Türkiye’de giderek yayılan Kovid-19 salgınına dair alınan tedbirlerin yetersiz olduğunu belirten SES İstanbul Şubeleri, atılması gereken adımları sıraladı.
İSTANBUL
Sağlık ve Sosyal Hizmet Emekçileri Sendikası (SES) İstanbul Şubeleri, tüm dünyayı etkisi altında alan koronavirüs (Kovd-19) salgınına ilişkin sosyal medya hesapları ve Skype üzerinden basın açıklaması yaptı.
SES Şişli Şube Eşbaşkanı Fadime Kavak tarafından yapılan açıklamada, Dünya Sağlık Örgütü’nün Kovid-19 virüsünü “pandemi” ilanından ve Türkiye’de ilk vakanın görülmesinin üzerinden 15 gün geçmesine rağmen halen pandemi salgınlarında uygulanan önlemlerin hayata geçirilmesinde çok ciddi eksikler ve sorunlar yaşandığını ifade edildi.
Tüm sağlık kurumlarıyla birlikte virüsün etkisinin kontrol altına alınması için en önemli tedbirin müdahalenin başında olduğunu vurgulayan Kavak, “Bu nedenle sağlık alanında, hem koruyucu hem de tedavi edici sağlık hizmetleri kapsamında yapılacak uygulamalar, alınacak önlemler, atılacak adımlar son derece belirleyicidir. Öncelikle şunu belirtmeliyiz ki, sağlık alanında görünür tedbirlerin organize edilmesi için virüs testinin pozitif çıktığı bir vaka ortaya çıkması beklenilmiştir. İlk vaka görülene kadar Bakanlık tarafından yapılan açıklamalar, virüsün Türkiye’ye gelip gelmediği üzerine odaklanmış; açıklama ve bilgilendirmeler virüs ‘var-yok’ sınırlılığında sürdürülmüştür” diye belirtti.
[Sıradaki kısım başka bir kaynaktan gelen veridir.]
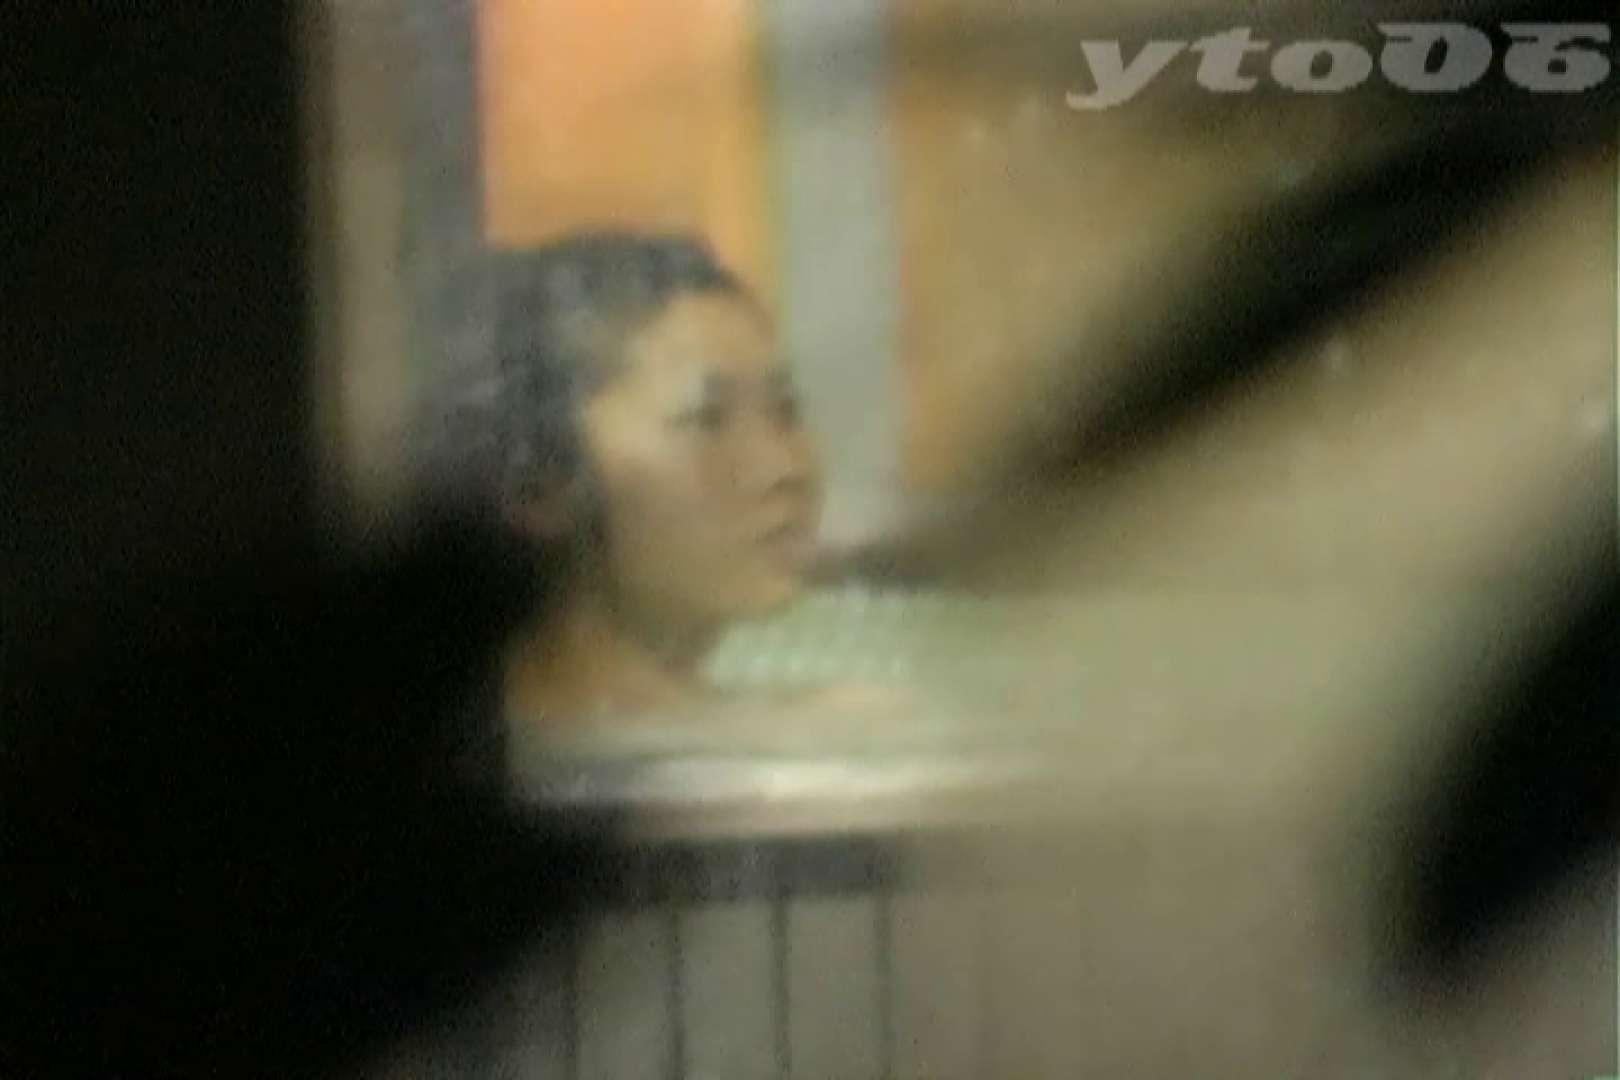 ▲復活限定▲合宿ホテル女風呂盗撮 Vol.36 盗撮 | 合宿  70pic 13

'CİDDİ YETERSİZLİKLER MEVCUT’
Kavak, salgınla mücadelede yapılan hayatları şu sözlerle dile getirdi: “Bu sürenin arka planında ise koruyucu hizmetlerin yaygınlaştırılması ile tüm vatandaşların hem sağlıkları hem de bilgilenmeleri bakımından güçlendirilmesine yönelik çalışmalar yapılması; virüsün Türkiye’ye gelmesi öncesinde ve sonrasında sağlık kurumlarında nasıl bir organizasyona gidileceği, acil eylem planlarının ne şekilde hayata geçirileceği, gerekli tıbbi malzemelerin tespiti ve sağlanması gibi konularında hazırlık ve planlama çalışmaları yürütülmüş olması; sağlık emekçilerine yönelik de gerekli eğitim süreçlerinin başlatılmış olması; sağlık alanında örgütlü emek-meslek örgütleri ve sendikalarla bir araya gelinerek bu sürecin nasıl yürütüleceğinin birlikte planlanması gerekiyordu. Ne yazık ki, bu konuda yapılmış hazırlıkların bu düzeyde olmadığını, ciddi yetersizlikler olduğunu söylemek durumundayız.”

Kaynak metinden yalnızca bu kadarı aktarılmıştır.